Diamond's first long-player, The Feel of Neil Diamond, issued in August 1966, was assembled hurriedly and included "Cherry, Cherry" and "Solitary Man" alongside covers of hits such as "La Bamba" and "Monday, Monday." It registered only minimal chart activity. Also present was the original "I Got the Feelin' (Oh No No)," which served as his next single in October. It climbed to number 16 in December, though the 45 gained additional notice for its B-side, the Diamond-written "The Boat That I Row." British singer Lulu promptly covered the number, scoring a Top Ten U.K. hit in spring 1967. Bang's fourth Diamond single, "You Got to Me," arrived in December 1966 and peaked at number 18 in March 1967. In February his composition "Look Out (Here Comes Tomorrow)" appeared on the Monkees' chart-topping second album, More of the Monkees. The following month "A Little Bit Me, a Little Bit You," Diamond's follow-up to "I'm a Believer" for the group, entered the charts and reached number two in April.
Also in March, Bang released its fifth Diamond single, "Girl, You'll Be a Woman Soon," which became his second Top Ten hit by May.

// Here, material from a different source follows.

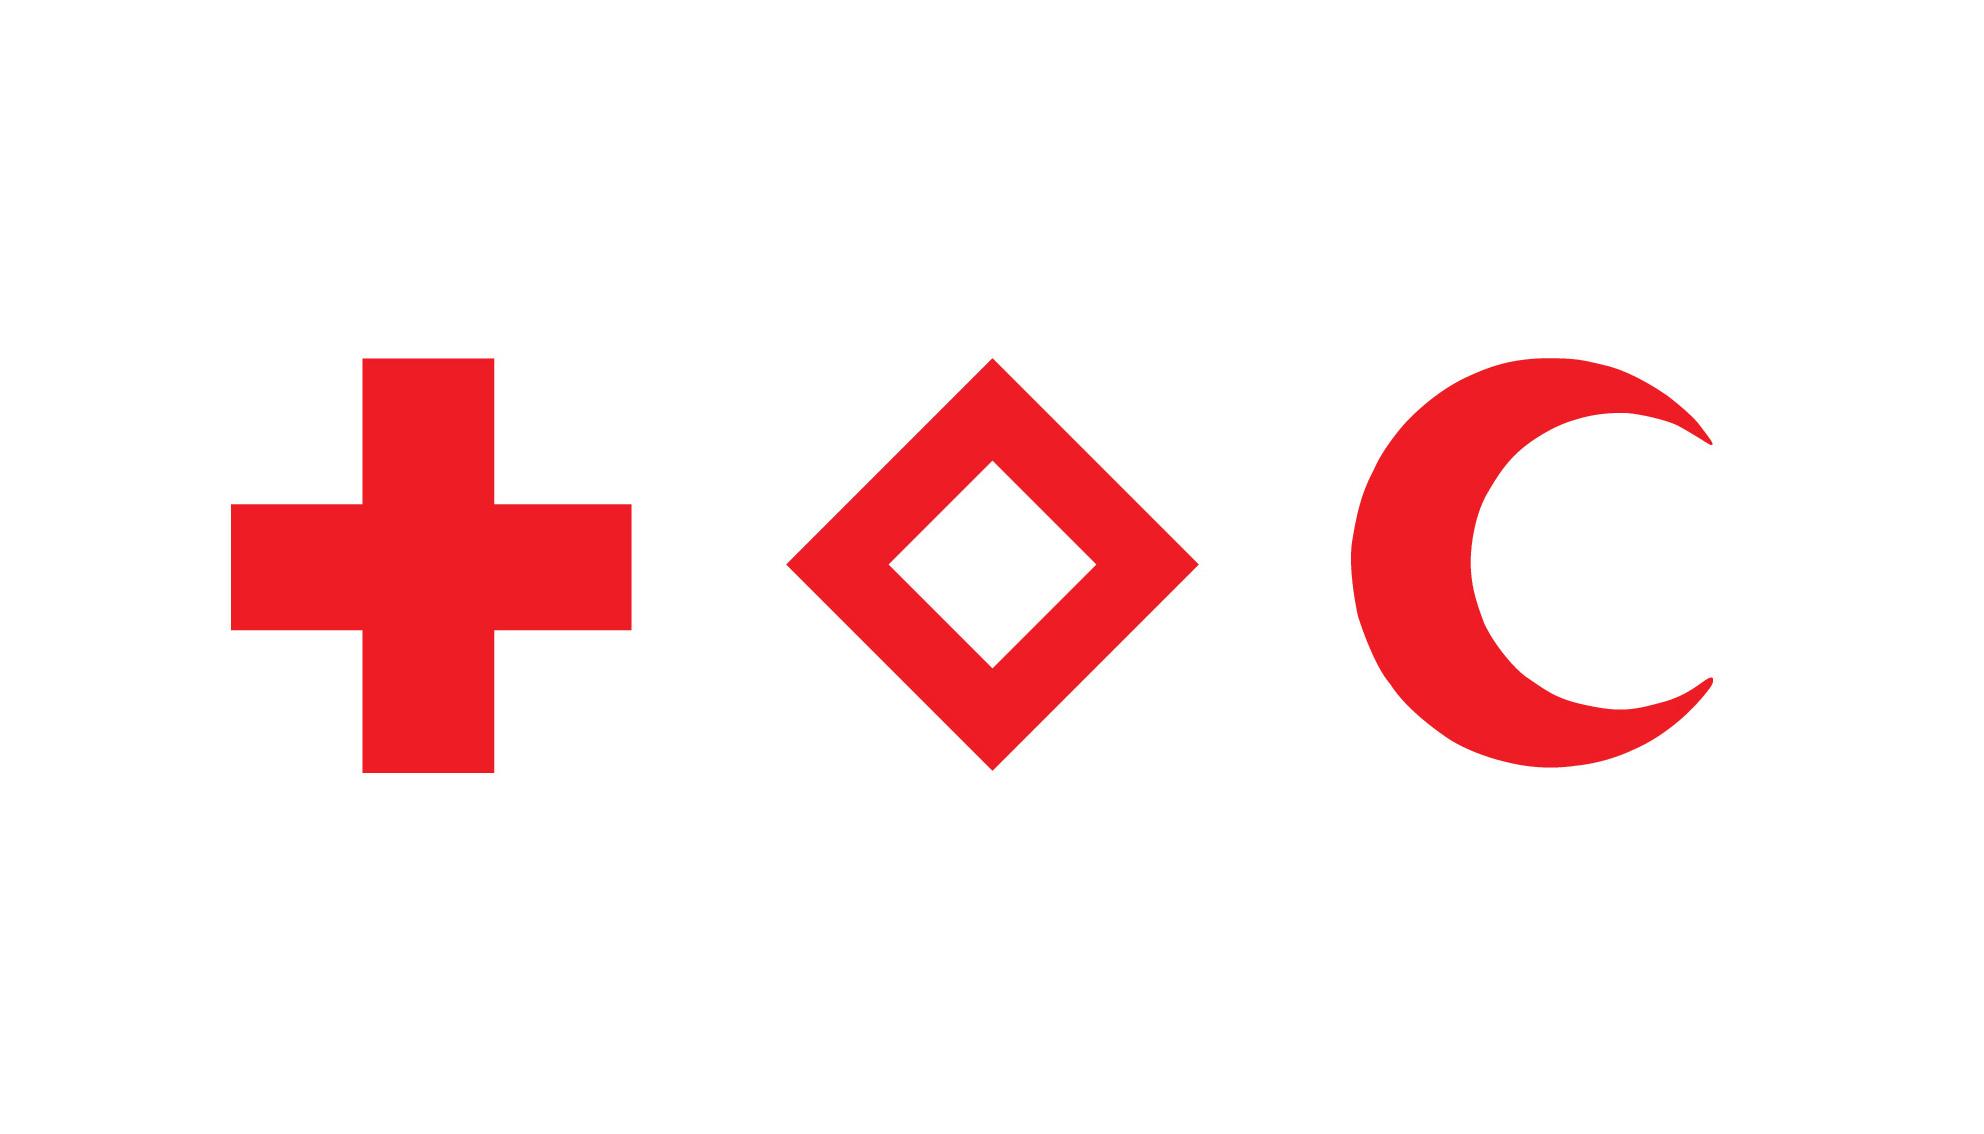 Graphic with the three emblems Red Cross, Red Crystal and Red Crescent

In April, Ronnie Dove charted with "My Babe," written and produced by Diamond, peaking at number 50 in May. Bang's sixth Diamond single, "Thank the Lord for the Night Time," surfaced in June and climbed to number 13 in August. That month also brought Diamond's second LP, Just for You, which reached number 80. His next Bang single, "Kentucky Woman," followed in September and attained number 22 in November, marking his sixth straight Top 40 entry.
After roughly two years of steady hits as both performer and writer, Diamond experienced a rupture with his producers and Bang Records. As popular music grew more introspective in the late 1960s, he grew dissatisfied with straightforward pop fare and advocated replacing "Kentucky Woman" as his sixth single with "Shilo," a reflective ballad concerning an imagined childhood companion rather than the Civil War battle. Bang deemed the song insufficiently commercial and relegated it to an album track on Just for You. Discontented with royalties as well, Diamond located a contractual loophole that did not bind him exclusively to WEB IV and Tallyrand, declared himself free to sign elsewhere, and precipitated a flurry of lawsuits.

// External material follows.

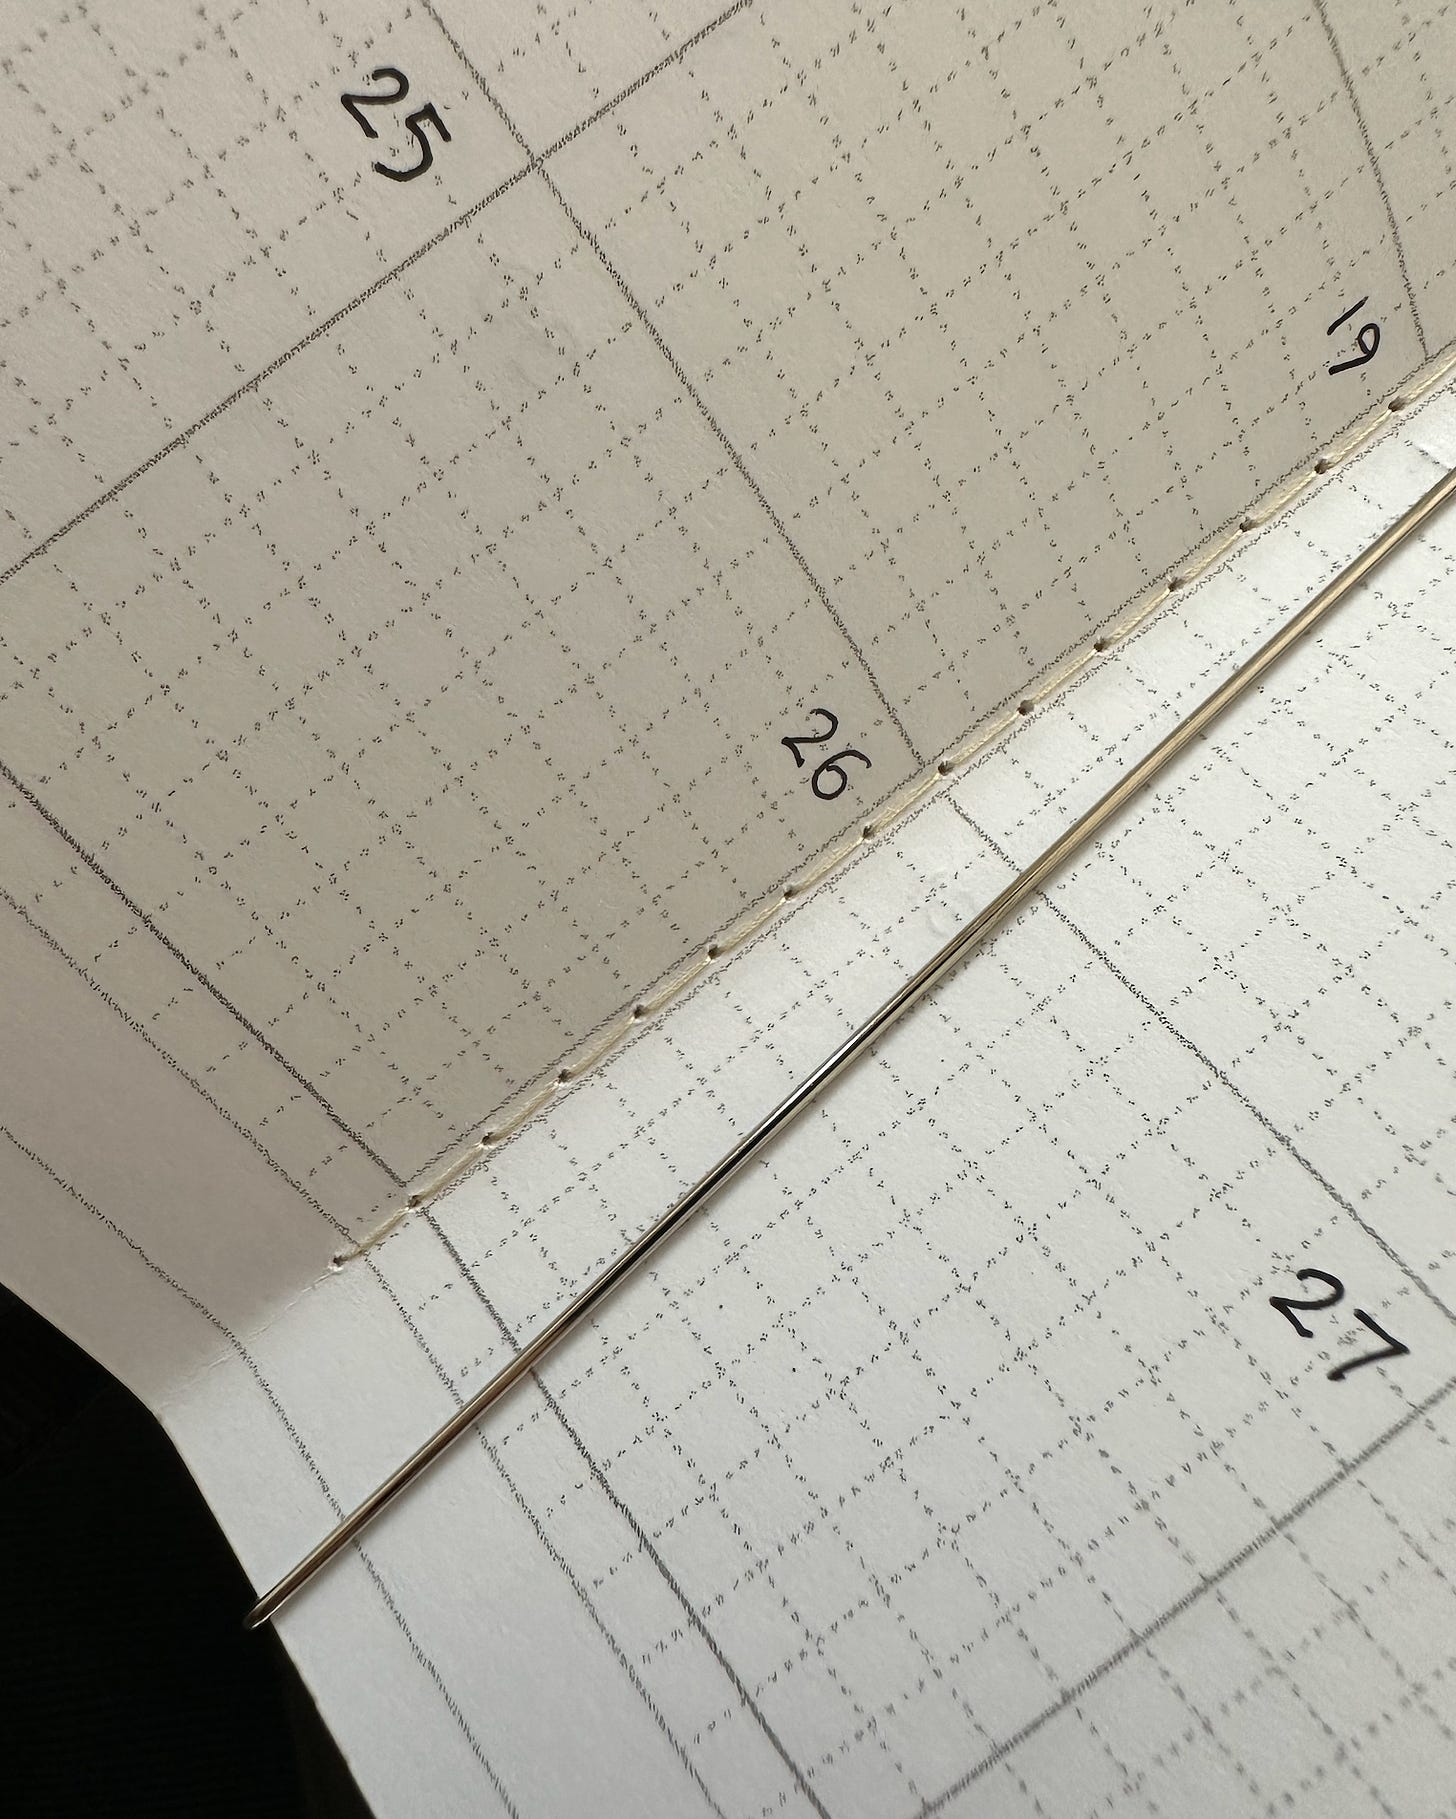 Closeup photo of some sheets of paper that have been sewn together by machine with a 5mm stitch length. There are numbered boxes on the part of the page that’s visible — it’s a monthly calendar with a dotted grid background. A thin metal bar lies across the page; this is what keeps folded paper in place in the Paper Saver notebook. The sewn calendar pages have been pulled out from the bar at an angle to reveal the stitching.

On March 12, 1968, a judge rejected WEB IV's bid for a temporary injunction barring Diamond from joining another label during ongoing litigation. The suits persisted another nine years until Diamond resolved them on February 18, 1977, by purchasing his Bang masters. On March 18, 1968, he signed a five-year agreement with Uni Records, an MCA division. The initial release under the deal was the introspective, autobiographical ballad "Brooklyn Roads" in April. He followed with the more upbeat "Two-Bit Manchild" that same month, yet neither that single nor its successor, "Sunday Sun" in September, returned him to the Top 40, and his Uni debut album Velvet Gloves and Spit failed to chart. Personal upheaval compounded professional struggles: now involved with television production assistant Marcia Kay Murphey, he separated from his wife and relocated to California. Their divorce was finalized in November 1969, and he married Murphey the following month.

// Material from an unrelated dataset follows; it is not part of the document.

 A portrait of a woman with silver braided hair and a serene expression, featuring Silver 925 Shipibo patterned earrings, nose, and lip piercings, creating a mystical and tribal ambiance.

Professionally, Diamond sought to reverse his career's low point by recording at American Sound Studio in Memphis beginning January 8, 1969. Collaborating with producers Tommy Cogbill and Chips Moman, he adopted a gospel-inflected, country-rock direction, commencing with the single "Brother Love's Travelling Salvation Show," which reached number 22 in April—his strongest showing in eighteen months. He returned promptly to Memphis and completed the album Brother Love's Travelling Salvation Show, released in April and peaking at number 82.
The track that cemented his commercial resurgence was the subsequent single, "Sweet Caroline (Good Times Never Seemed So Good)," a buoyant number that climbed to number four in August, the same month it received gold certification for one million singles sold. Diamond followed with the gospel-tinged "Holly Holy" in October 1969, another major success reaching number six in December. It became his second gold (and later platinum) single; Junior Walker & the All-Stars later covered it, scoring an R&B Top 40 hit in 1971. The original appeared on Diamond's fifth LP, Touching You Touching Me, issued in November 1969; it represented his strongest chart performance to date, reaching number 30 and achieving gold status within roughly a year.
Diamond's renewed visibility did not escape Bang Records, which recruited American Sound Studio musicians to overdub a fresh instrumental track beneath Diamond's existing vocal for "Shilo." Styled more like his current recordings, the single climbed to number 24 in April 1970. Diamond countered by returning to Memphis himself to re-record "Shilo," which was added to later pressings of Velvet Gloves and Spit. A more ambitious outing, "Soolaimón (African Trilogy II)," appeared in April as an excerpt from a side-long "folk ballet" of African-styled material slated for his next album, Tap Root Manuscript, in the autumn; the single reached number 30 in May. His next new single, "Cracklin' Rosie"—referencing the inexpensive wine Cracklin' Rosé—surfaced in July and became his biggest hit yet, topping the charts in October.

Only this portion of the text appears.